By the method or the system, the questions in the question bank can be compared one by one, so that the questions with the same or high similarity are deleted, the redundancy of the question bank is reduced, and the quality of the question bank is improved.

Technical contents not described in detail in the present invention belong to the well-known techniques of those skilled in the art.

Although illustrative embodiments of the present invention have been described above to facilitate the understanding of the present invention by those skilled in the art, it should be understood that the present invention is not limited to the scope of the embodiments, and various changes may be made apparent to those skilled in the art as long as they are within the spirit and scope of the present invention as defined and defined by the appended claims, and all matters of the invention which utilize the inventive concepts are protected.

Claims

1. A similar topic identification method based on a phrase structure tree is characterized by comprising the following steps:

s1, performing text preprocessing on input questions;

s2, constructing a phrase structure tree aiming at the question information;

s21, performing lexical analysis on the word sequences;

s22, carrying out syntactic analysis on the word sequence;

4. The method according to claim 1, wherein in the step S3, the step of pruning comprises:

s31, pruning the inserted words;

and S32, pruning words without practical significance.

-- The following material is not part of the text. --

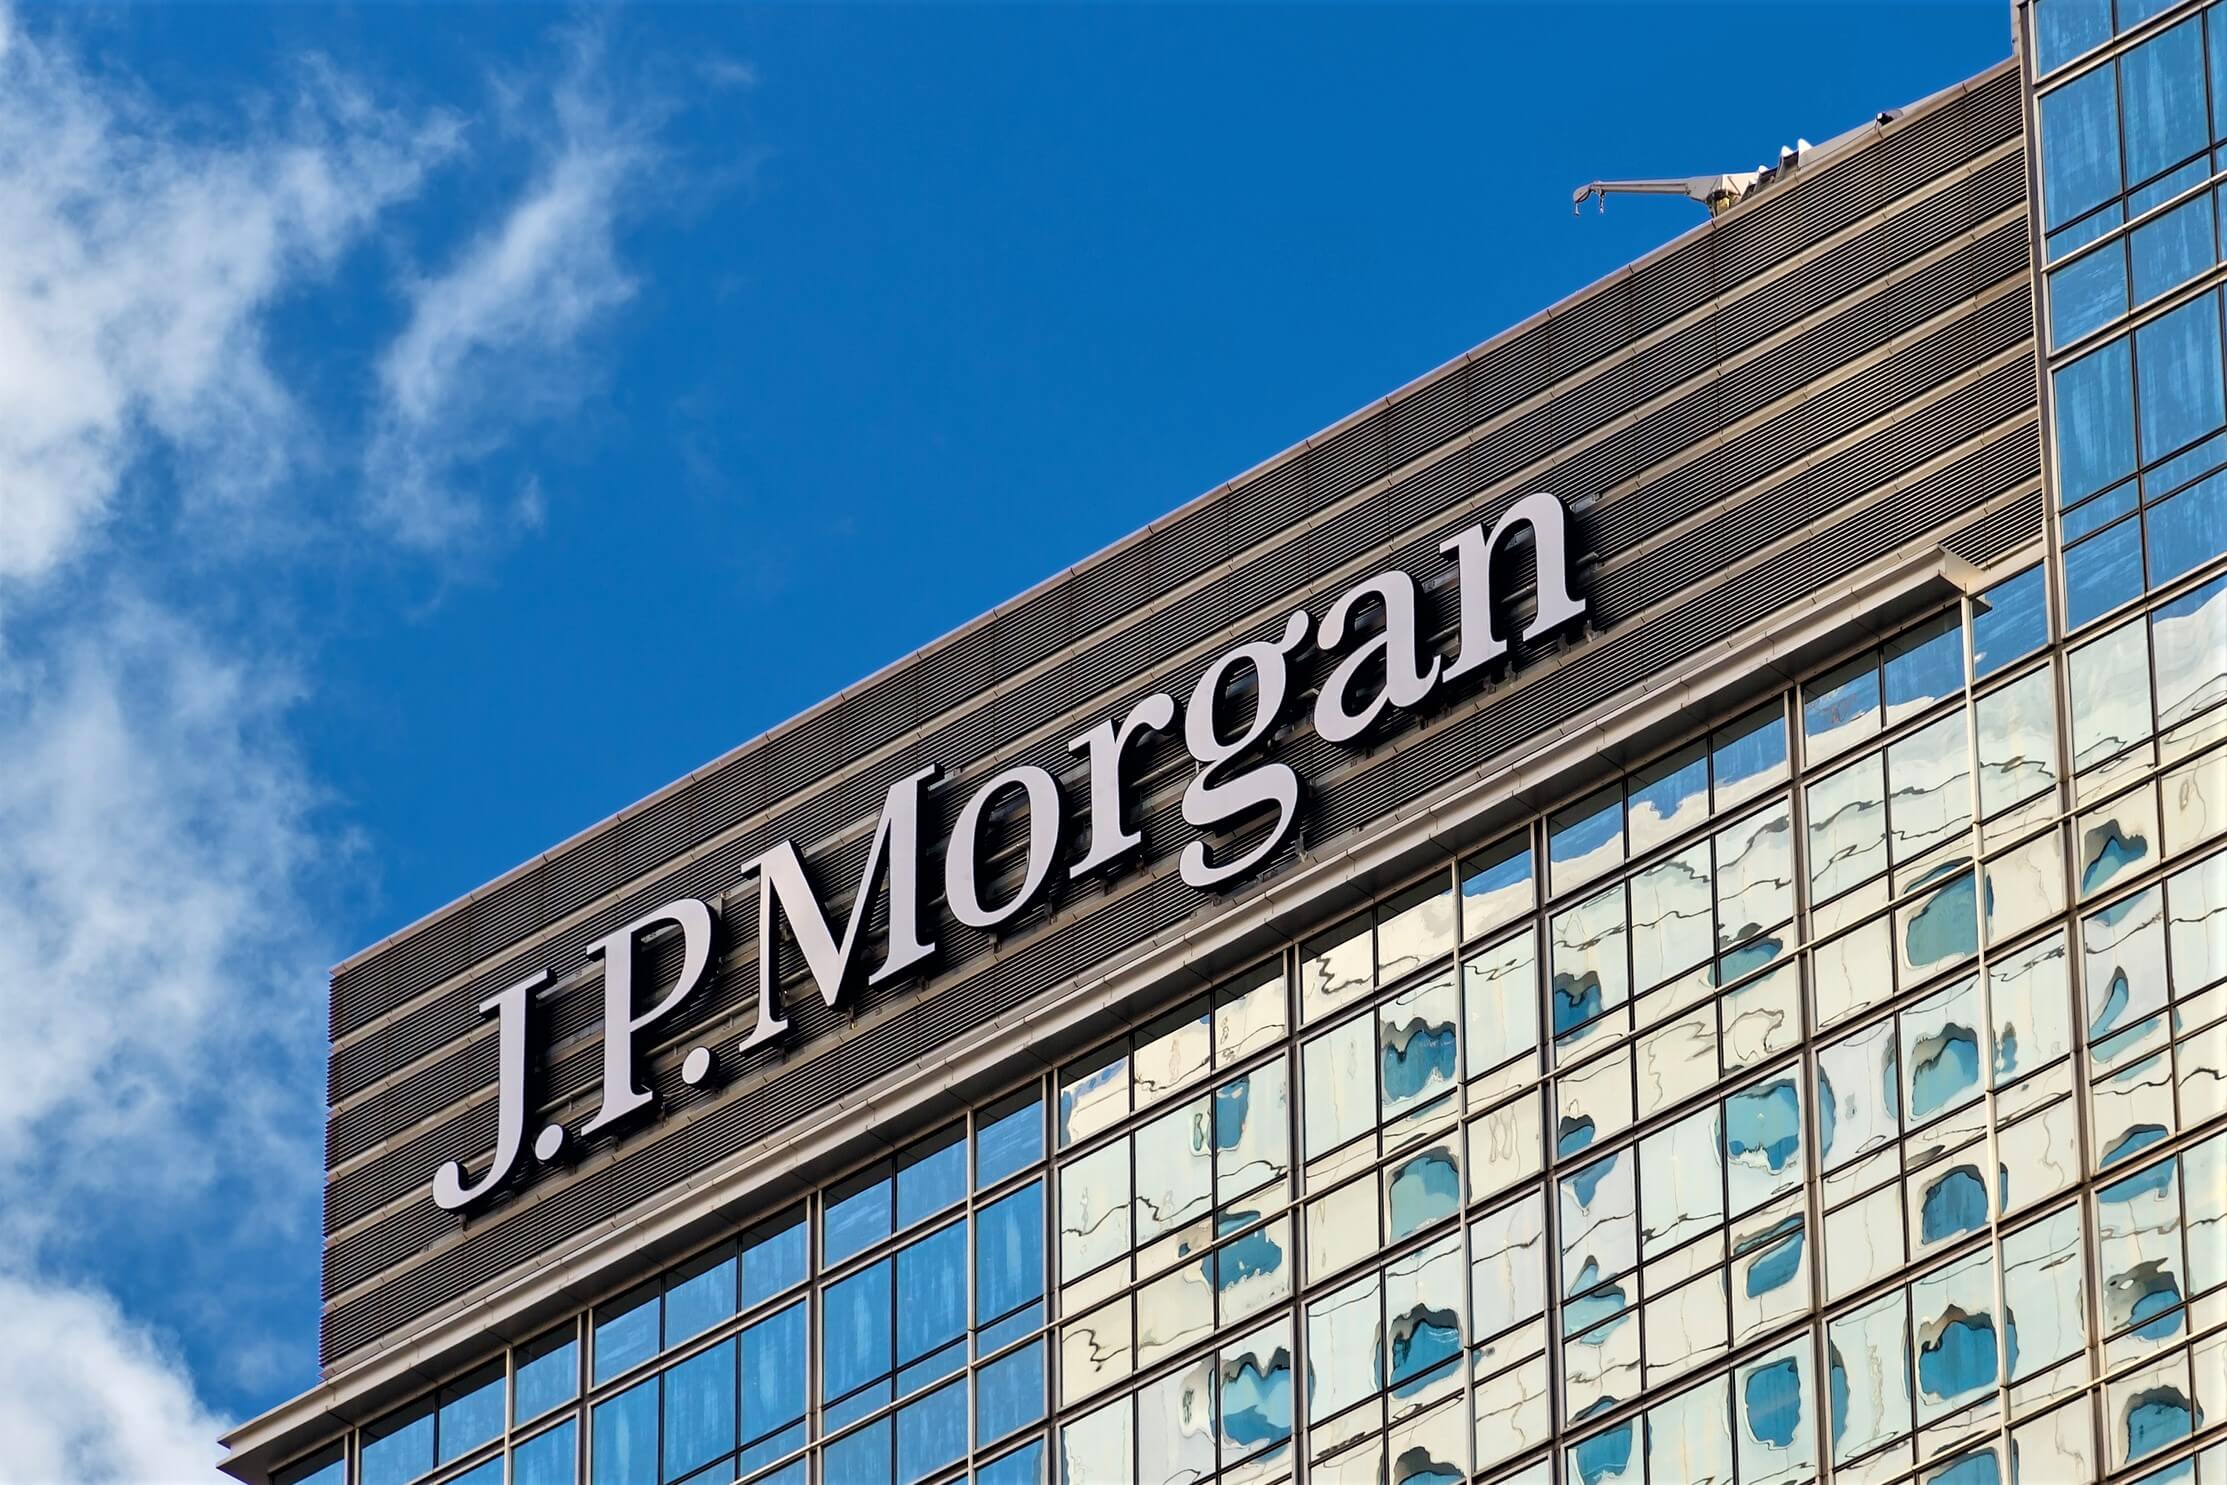 S p banking. Джи пи Морган банк. JPMORGAN Chase & co. Банк Морган США. Jp Morgan Chase Москва.

s33, comparing the structures of the topic phrase structure trees, if the tree structure information of the phrase structure trees is different, judging that the topics are different, and if not, entering a step S34;

and S34, comparing whether the content information of the phrase structure tree is the same or not, if not, judging that the titles are different, and otherwise, judging that the titles are the same.

setting different weight values for the part of speech categories, calculating the similarity of the two phrases, judging that the titles are the same if the similarity is greater than a set threshold, and otherwise, judging that the titles are different.

wherein w_iThe weight of the part of speech corresponding to the ith word in the leaf node of the phrase structure tree, c_iIs the comparison result of the ith participle of the two phrase structure trees, if the ith participle is the same c_i1, otherwise c_i＝0。

the phrase structure tree building module is used for performing lexical analysis and syntactic analysis on the questions according to the question information acquired by the question text preprocessing module, building a phrase structure tree by combining knowledge point information and formula expression information in the questions and transmitting the phrase structure tree to the question judging module;

and the question judging module is used for pruning the phrase structure tree according to the phrase structure tree information of the questions to be compared, then traversing the phrase structure tree hierarchically, judging the similarity of the questions according to the tree structure information of the phrase structure tree and the question content information and carrying out corresponding processing on the questions.